Clark, not one to be called a wimp by his female friend or at least not someone to stop defending his manly pride, opened his eyes. When he did, I gasped. Chloe flinched slightly at the unexpected sight before us, but steadied herself. A new expression crawled across her face, the one I recognized as investigative reporter.
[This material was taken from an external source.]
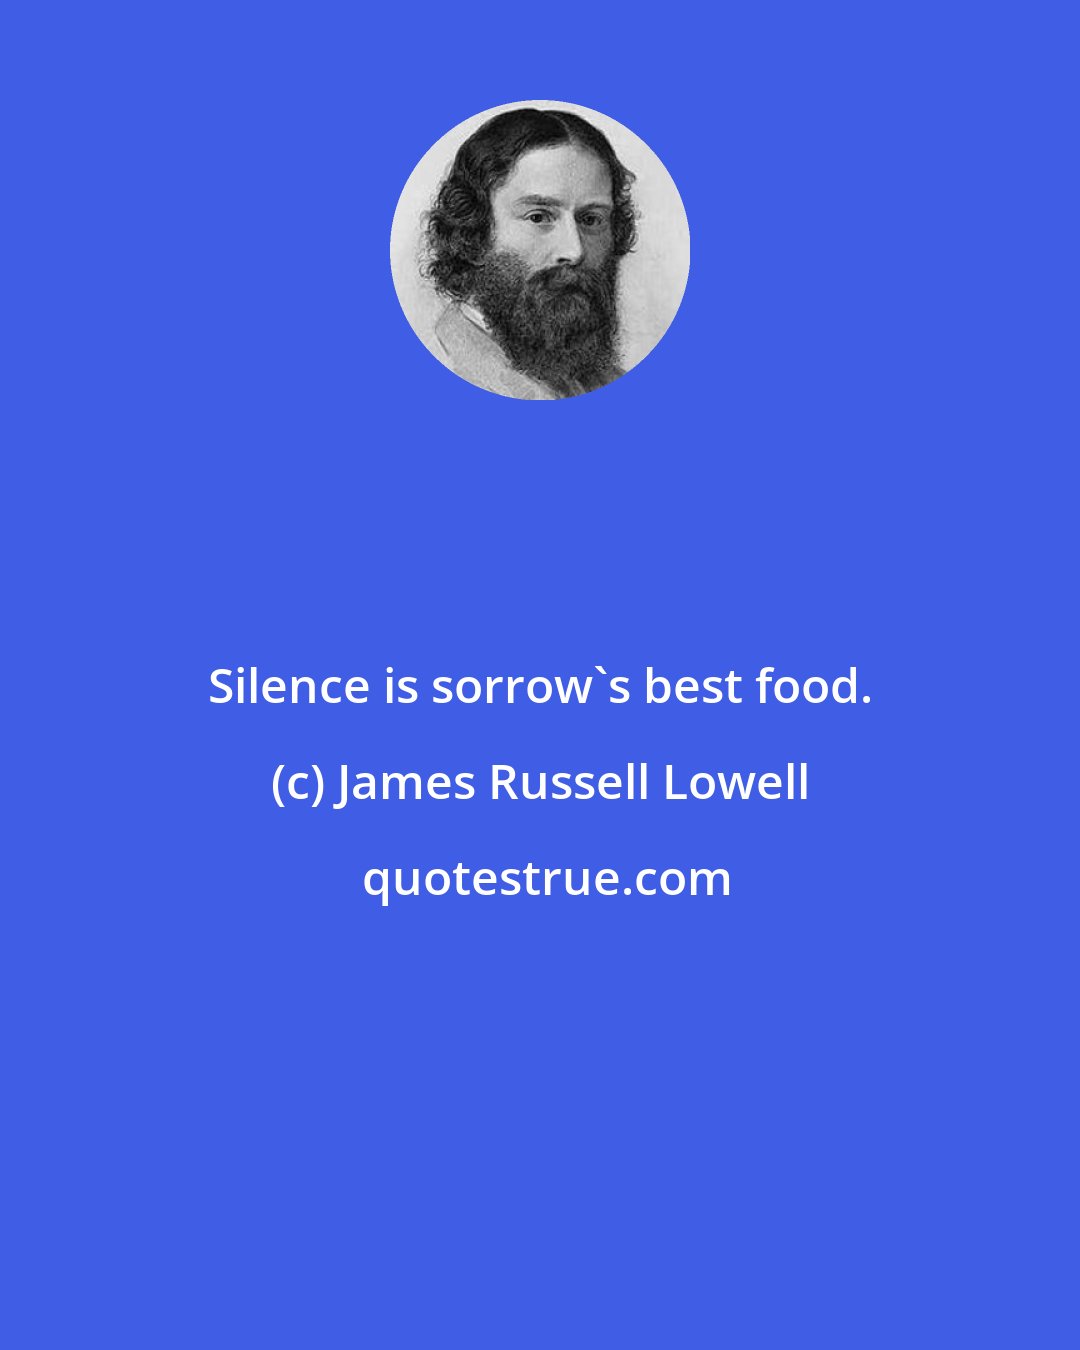 James Russell Lowell: Silence is sorrow's best food.

She was still trying to figure everything out. Currently, I was working on just trying not to panic. Clark's eyes were red-rimmed, but not the russet color that circled his eyes when he used his heat vision. The pupils themselves were scarlet red.

"Chlo?" He asked, sounding as nervous as I felt.

She took his hand and when she spoke her voice was soft and gentle. "I'm right here."

"Everything looks funny."

Her brows knitted together and she was completely in reporter mode now. "How does it look funny, Clark?"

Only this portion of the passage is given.